Thank you to my best midwife yet - Seth - for delivering our 9lb son in his car earlier this morning off of Route 1 in a gravel parking lot outside an auto body shop. Thank you to the South Brunswick PD and EMTs for getting us to the hospital after he was born. Thanks to God we are happy and healthy, and just a tiny bit shell shocked by a 45 minute birth.
On behalf of the Forward, we wish mazel tov to Bethany and the entire Mandel family.
The number of Jewish descendants of Holocaust survivors who have applied for German citizenship has nearly quadrupled this year in the part of the United States served by Germany’s Boston consulate, radio station WBUR reported Thursday.
Consul general Ralf Horlemann told the station that 49 people had received dual citizenship in the first quarter of 2017 through a law that supplies those rights to descendants of people whose citizenships were revoked under Nazi rule. Only 13 received such status in the same period last year.
Larry Klein of Newton, Mass. told WBUR that the advantages of such a move go beyond receiving a European Union passport, which would make traveling on the continent much easier.
“The tone of this country at this point in time is disturbing,” he said. “A country like Germany which, you know, has this history that obviously my family’s well aware of, espouses the beliefs and philosophy that actually is the way I’d like a country to behave. So, things come around in very interesting ways.”
Demand for German citizenship has grown so great that Horlemann has created formal naturalization ceremonies, rather than just having recipients pick up their papers at the consulate office.
Palestinian-American activist Linda Sarsour should be allowed to speak at an upcoming commencement ceremony for the City University of New York’s School of Public Health, the New York Daily News editorial board argued Thursday.
“Purging a speaker based on a narrow ideological test leads down a dangerous road,” the editorial reads. “Free speech, especially at a public institution of higher learning, is a far higher value.”
Sarsour is a prominent immigrant rights activist with well-known pro-Palestinian sympathies. Her June address at the School of Public Health has drawn protest from Assemblyman Dov Hikind, the right-wing Democrat who represents Boro Park.
The editorial argued that those who oppose efforts to block campus speakers like right-wing commentator Ann Coulter but defend a ban on Sarsour are being hypocritical.
“Sarsour would not have been our choice for this high honor, but her right to deliver the address ought not be in question,” the board wrote.
“I applaud freedom of speech,” Hikind replied to the Daily News the following day. “But giving this type of platform — the honor of a commencement address, which every graduating student must attend — to someone who’s an apologist for terrorism is a far cry from freedom of speech.

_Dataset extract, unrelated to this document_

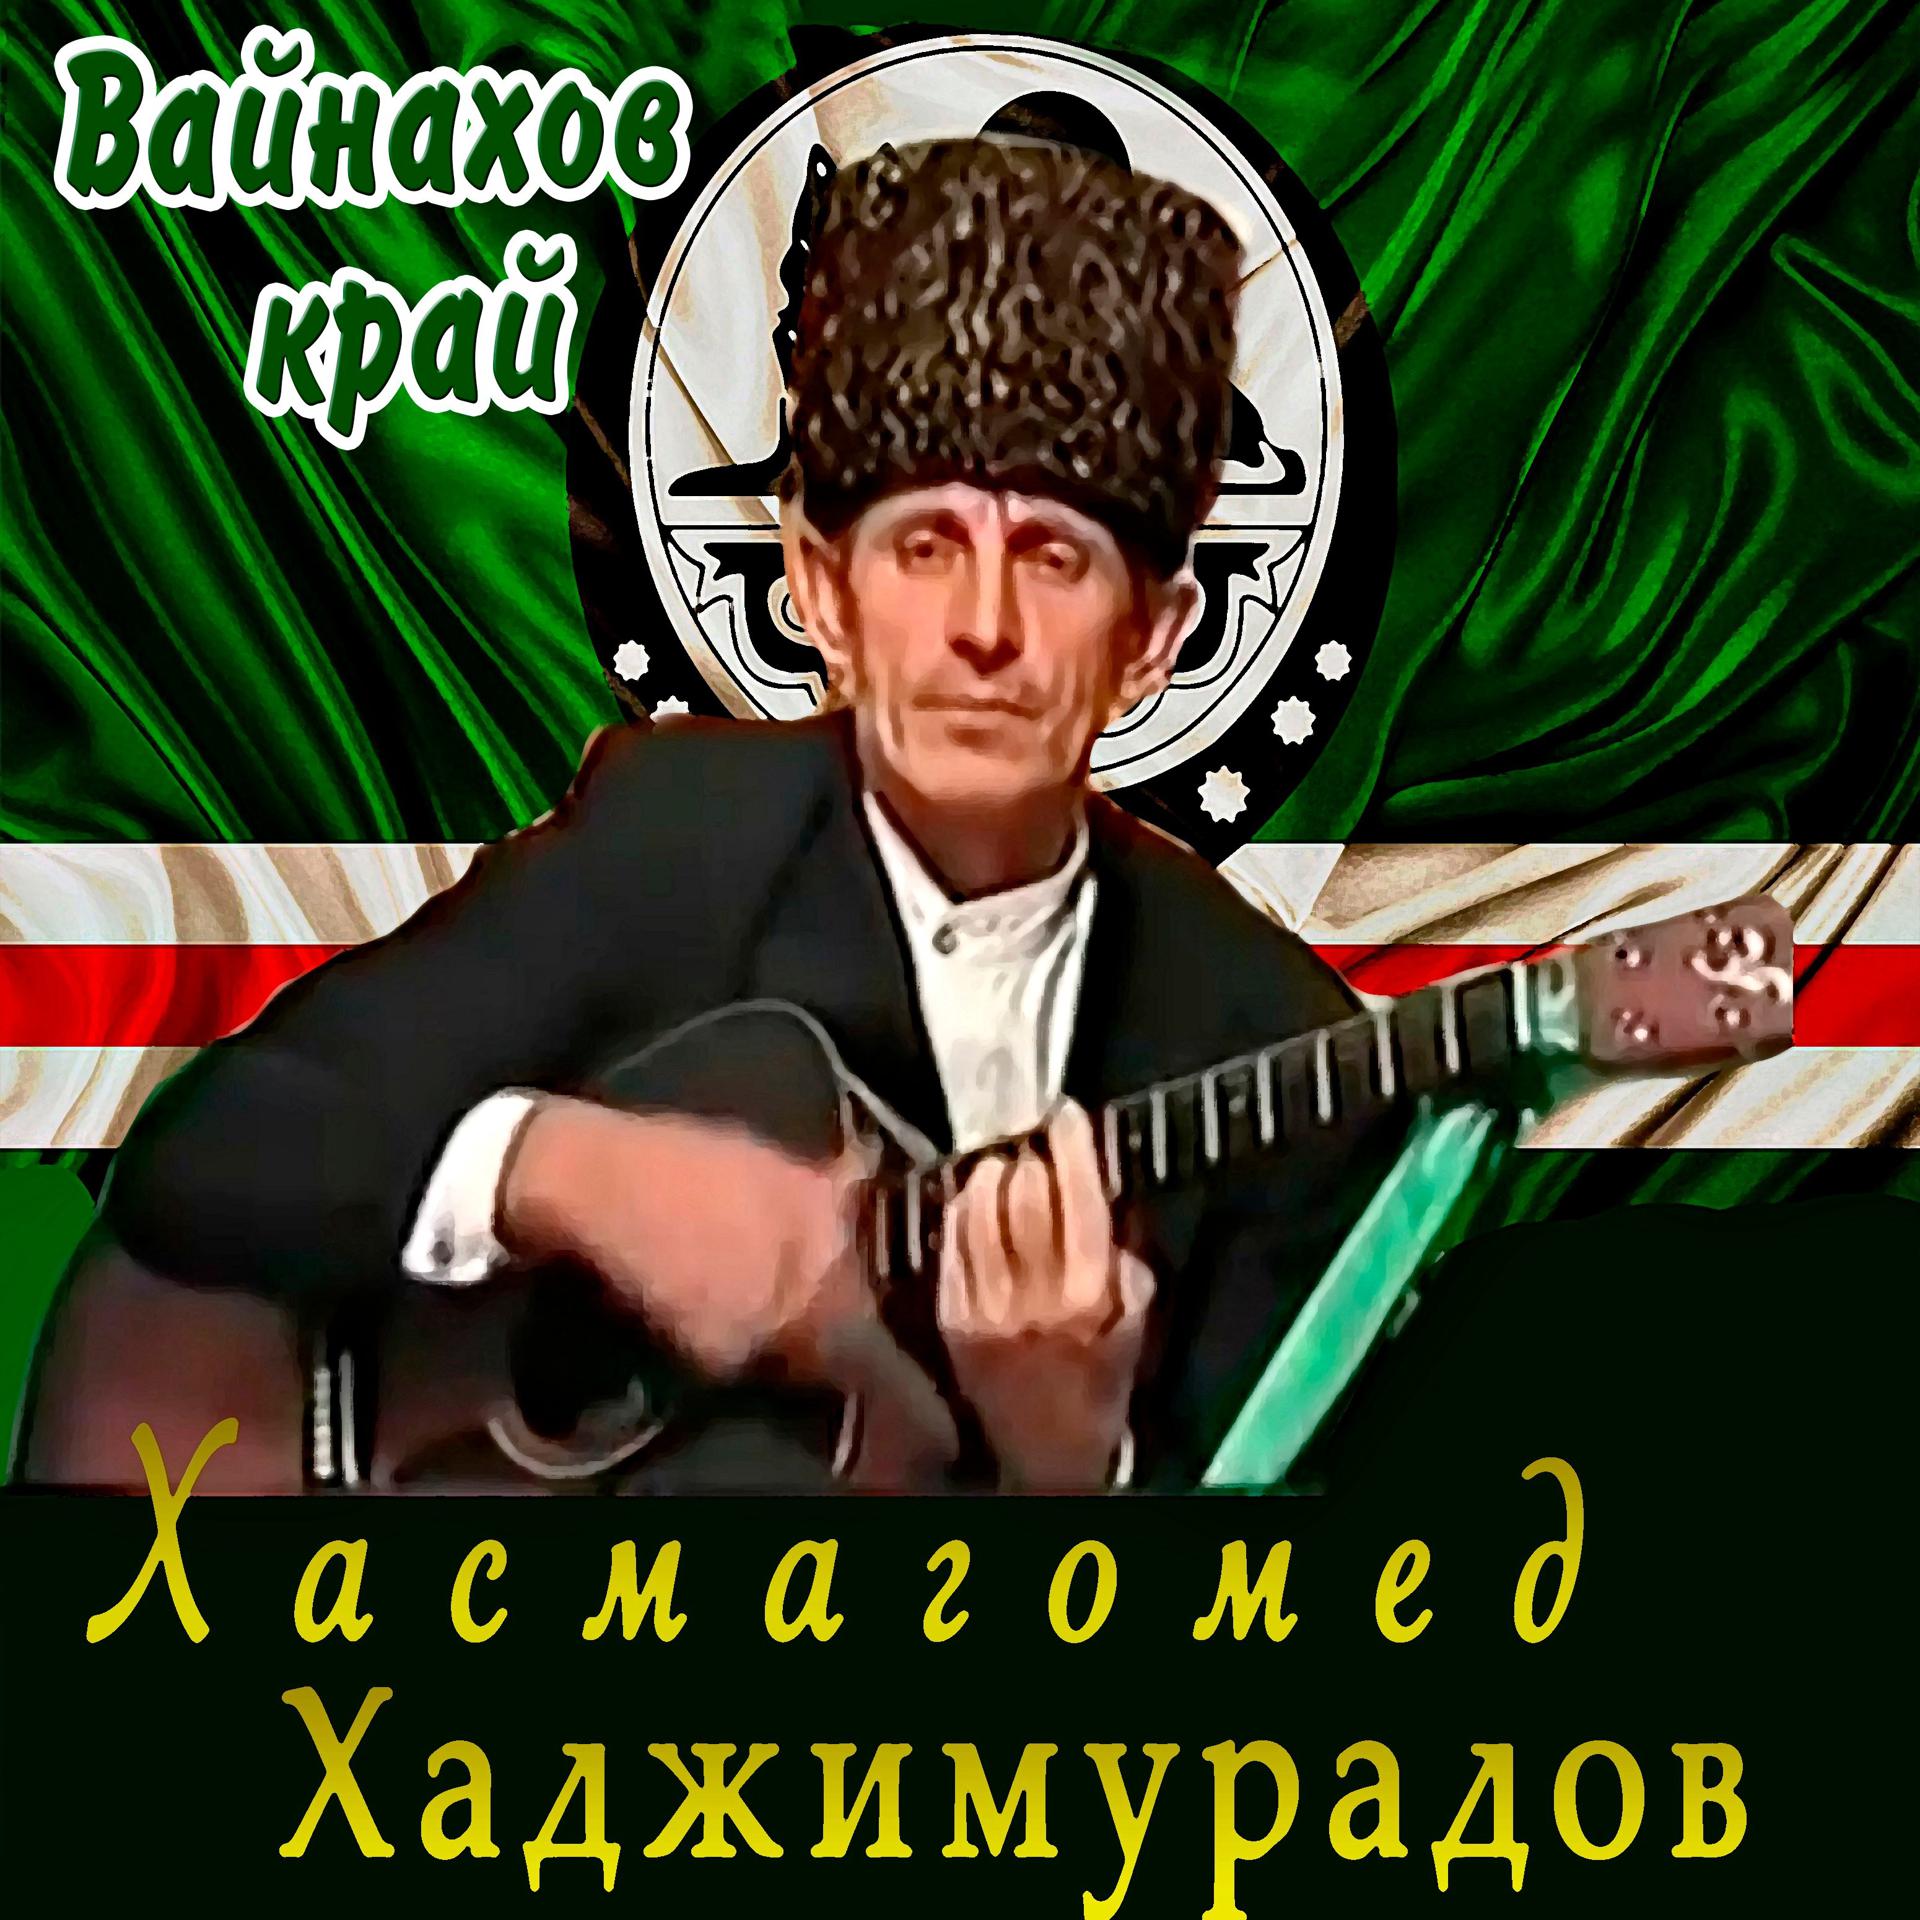 Постер альбома Вайнахов край

It’s incitement.”
Al Franken is known in Washington for his ability to forge friendships with his fellow senators. The Minnesota senator hosts annual Secret Santas and is often seen laughing with other politicians while riding the congressional subway underneath the Capitol.
But he outdid himself on Thursday, corralling his Democratic Senate colleagues into holding a surprise birthday party on Thursday for Senator Cory Booker of New Jersey, who turned 48.
So glad my staff got this on video. A HUGE thanks to @senfranken for putting forth the HUGE effort to surprise me on my birthday. pic.twitter.com/kzlkOHHzqb— Cory Booker (@CoryBooker) April 27, 2017
Franken jumped from under a table to surprise Booker, who was greeted by his staffers and many fellow senators. Sen. Kirsten Gillibrand of New York served cake, and Sen. Robert Menendez of New Jersey sang “Happy Birthday” to Booker in Spanish.
Despite not being Jewish himself, Booker is one of the most Jewishly-literate politicians in Washington. He served as the co-president of a Jewish club while studying at Oxford University, and, as Jewish Insider noted on Thursday, he is “perhaps the only Senator who regularly and publicly recites verses from the Torah in Hebrew.”